How to use return_direct=True correctly in tools and control message appending behavior in LangGraph?

Hi everyone,

I’m trying to better understand how to use the return_direct=True option in LangGraph tools, especially when using them inside a ToolNode.

What I’m doing

  • I have several tools defined with @tool(return_direct=True).

  • These tools are used inside a ToolNode in my agent graph.

  • However, when the graph executes, I still see AI messages being generated after those tools run, even though I expected the tool output to be returned directly and stop message generation.

The issue

Some of my tools return very large results (e.g., get_all_products with full product details), and I don’t want those outputs:

  • To be added to the state messages, or

  • To trigger an extra AI message that just repeats the same tool output.

On the other hand, I have some tools where I do want the results appended to the state (for context), but still don’t want an AI message generated afterward.

What I know

I understand I could create a router node to detect specific tool names and handle this behavior manually (deciding when to return directly or not).
However, I’d prefer to keep using ToolNode for its built-in advantages and simplicity.

My questions

  1. How can I make return_direct=True actually prevent AI message generation after tool execution when using ToolNode?

  2. Is there a way to handle mixed behavior — for example:

    • Some tools return directly (display result only, no state append),

    • Some tools append their output to the state but skip the AI message?

Any examples or best practices for handling this pattern would be greatly appreciated!


Hi @rasoul111000

I’m not sure if this is what you’re looking for, but here’s my attempt:


================================ Human Message =================================

Add 3 and 4.
================================== Ai Message ==================================
Tool Calls:
add (2a3d7d85-7a0b-4f88-9e55-83dafba55a9b)
Call ID: 2a3d7d85-7a0b-4f88-9e55-83dafba55a9b
Args:
a: 3
b: 4
================================= Tool Message =================================
Name: add

7

I modified the quickstart example by adding an edge from tool_node to END.

# Step 1: Define tools and model

from langchain.tools import tool
from langchain.chat_models import init_chat_model


model = init_chat_model(
    "ollama:qwen3",
    temperature=0
)


from langgraph.prebuilt.tool_node import ToolNode
from langchain_core.tools import tool

@tool
def add(a: int, b: int) -> int:
    """Add two numbers."""
    return a + b

tool_node = ToolNode([add])



# Augment the LLM with tools
model_with_tools = model.bind_tools([add])
# Step 2: Define state

from langchain.messages import AnyMessage
from typing_extensions import TypedDict, Annotated
import operator


class MessagesState(TypedDict):
    messages: Annotated[list[AnyMessage], operator.add]
    llm_calls: int

# Step 3: Define model node
from langchain.messages import SystemMessage


def llm_call(state: dict):
    """LLM decides whether to call a tool or not"""

    return {
        "messages": [
            model_with_tools.invoke(
                [
                    SystemMessage(
                        content="You are a helpful assistant tasked with performing arithmetic on a set of inputs."
                    )
                ]
                + state["messages"]
            )
        ],
        "llm_calls": state.get('llm_calls', 0) + 1
    }


# Step 4: Define tool node

from langchain.messages import ToolMessage




# Step 5: Define logic to determine whether to end

from typing import Literal
from langgraph.graph import StateGraph, START, END


# Conditional edge function to route to the tool node or end based upon whether the LLM made a tool call
def should_continue(state: MessagesState) -> Literal["tool_node", END]:
    """Decide if we should continue the loop or stop based upon whether the LLM made a tool call"""

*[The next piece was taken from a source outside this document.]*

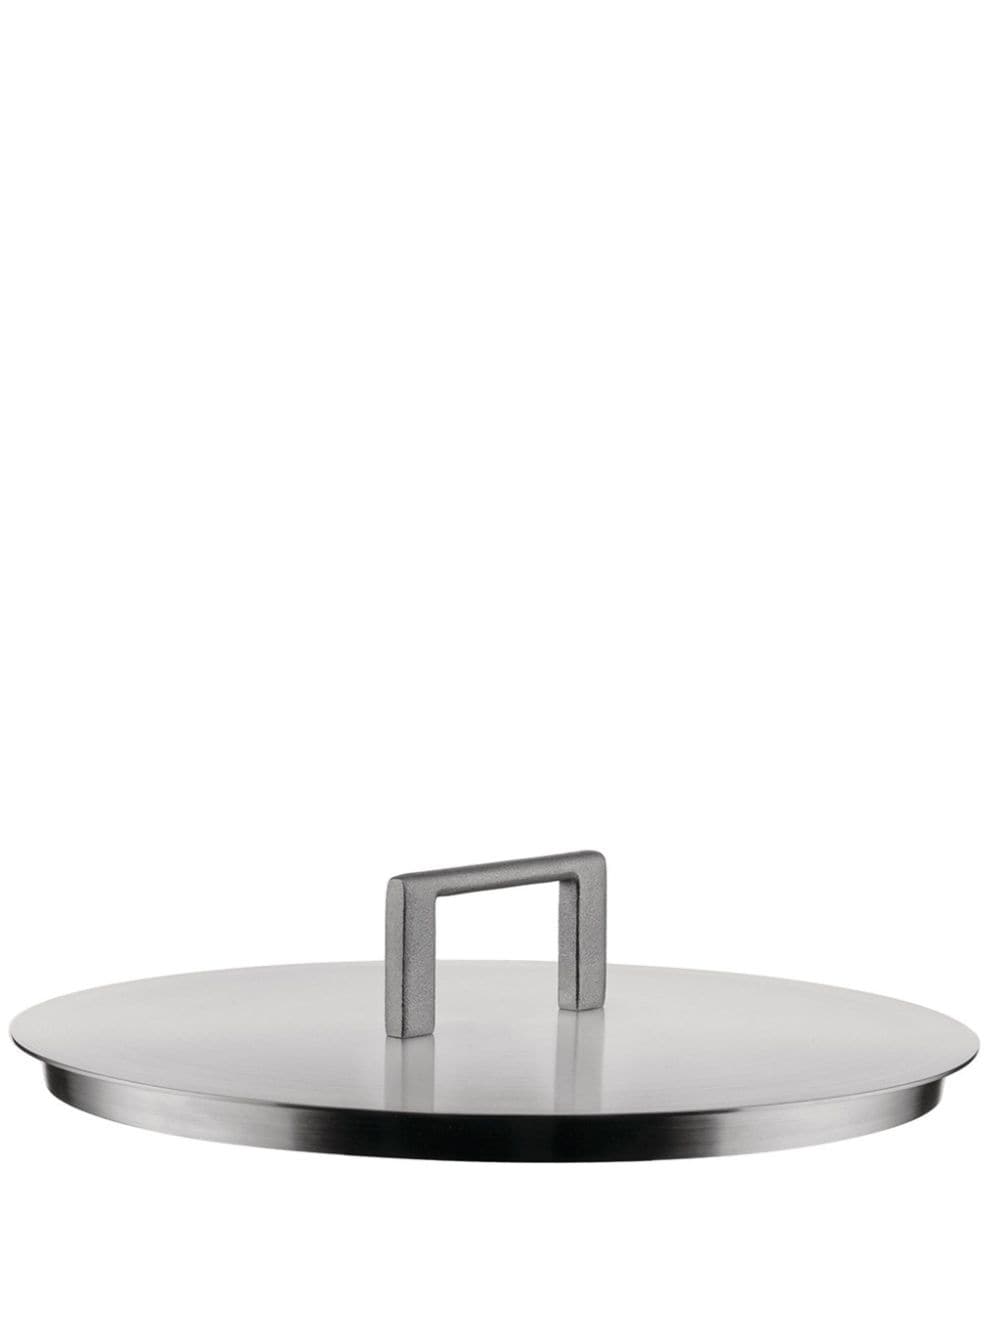 Alessi Convivio stainless steel pan lid (20cm) - Silver von Alessi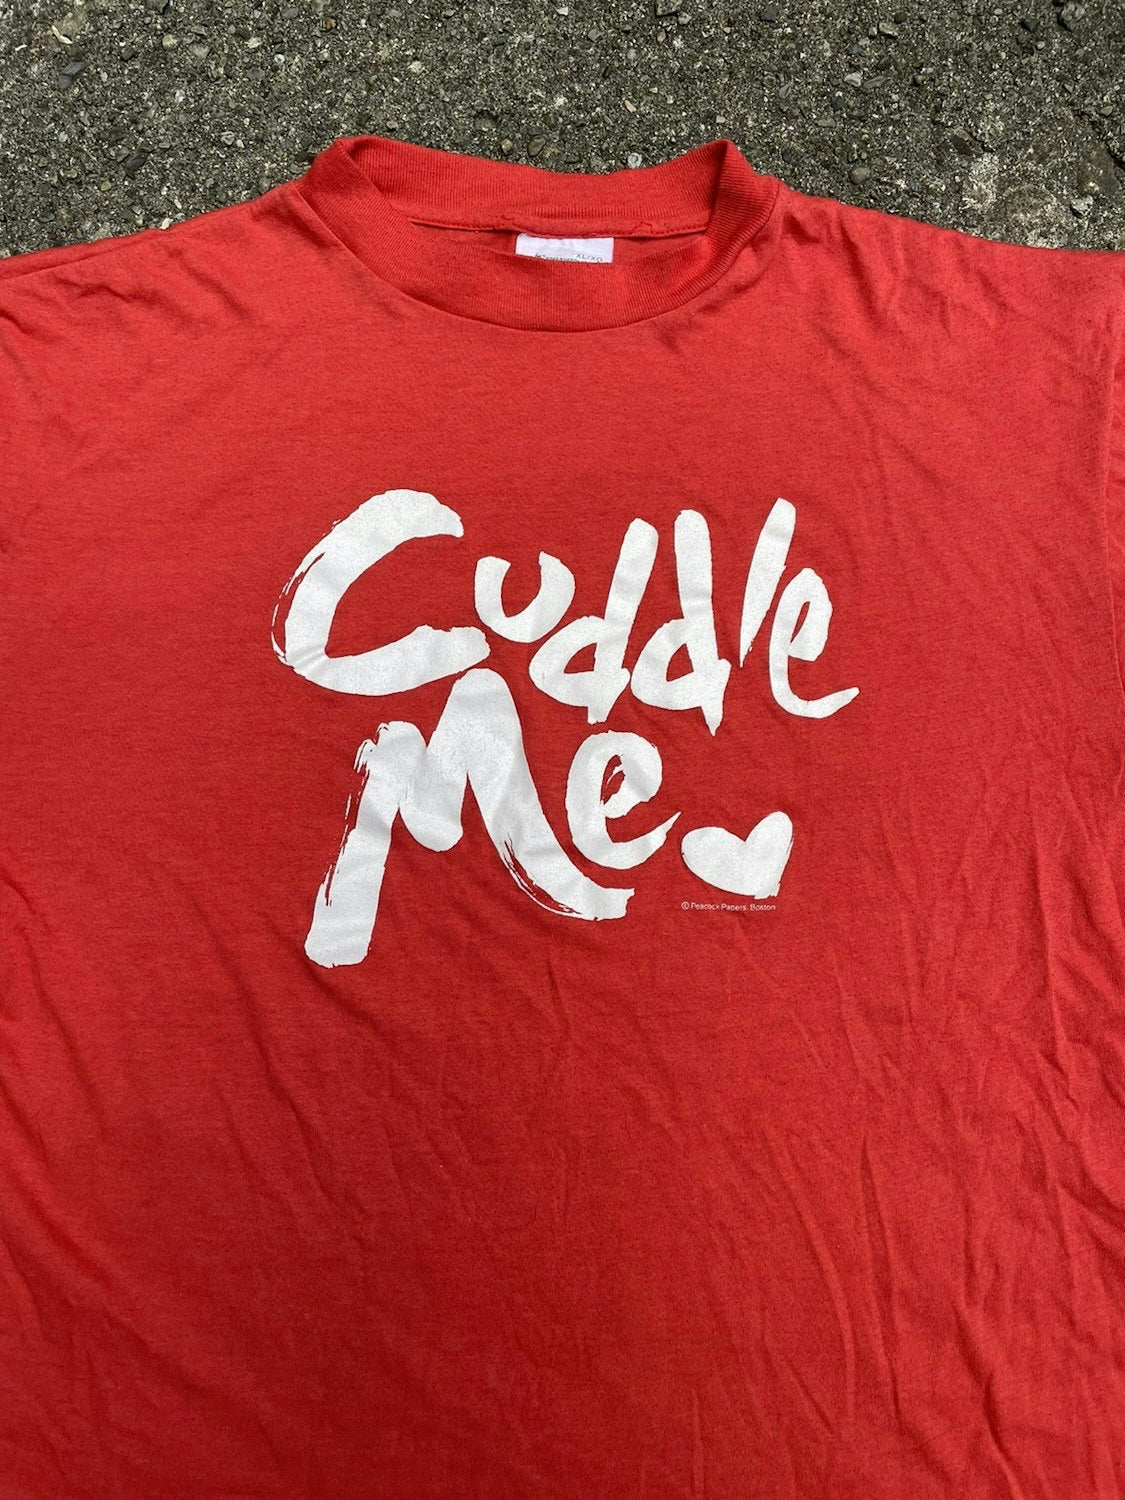 1980's 'Cuddle Me' Graphic T-Shirt - XL

    messages = state["messages"]
    last_message = messages[-1]

    # If the LLM makes a tool call, then perform an action
    if last_message.tool_calls:
        return "tool_node"

    # Otherwise, we stop (reply to the user)
    return END

# Step 6: Build agent

# Build workflow
agent_builder = StateGraph(MessagesState)

# Add nodes
agent_builder.add_node("llm_call", llm_call)
agent_builder.add_node("tool_node", tool_node)


# Add edges to connect nodes
agent_builder.add_edge(START, "llm_call")
agent_builder.add_conditional_edges(
    "llm_call",
    should_continue,
    ["tool_node", END]
)

agent_builder.add_edge("tool_node", END)
# Compile the agent
agent = agent_builder.compile()



# Invoke
from langchain.messages import HumanMessage
messages = [HumanMessage(content="Add 3 and 4.")]
messages = agent.invoke({"messages": messages})
for m in messages["messages"]:
    m.pretty_print()

If this isn’t what you meant, could you please share your code so we can understand better?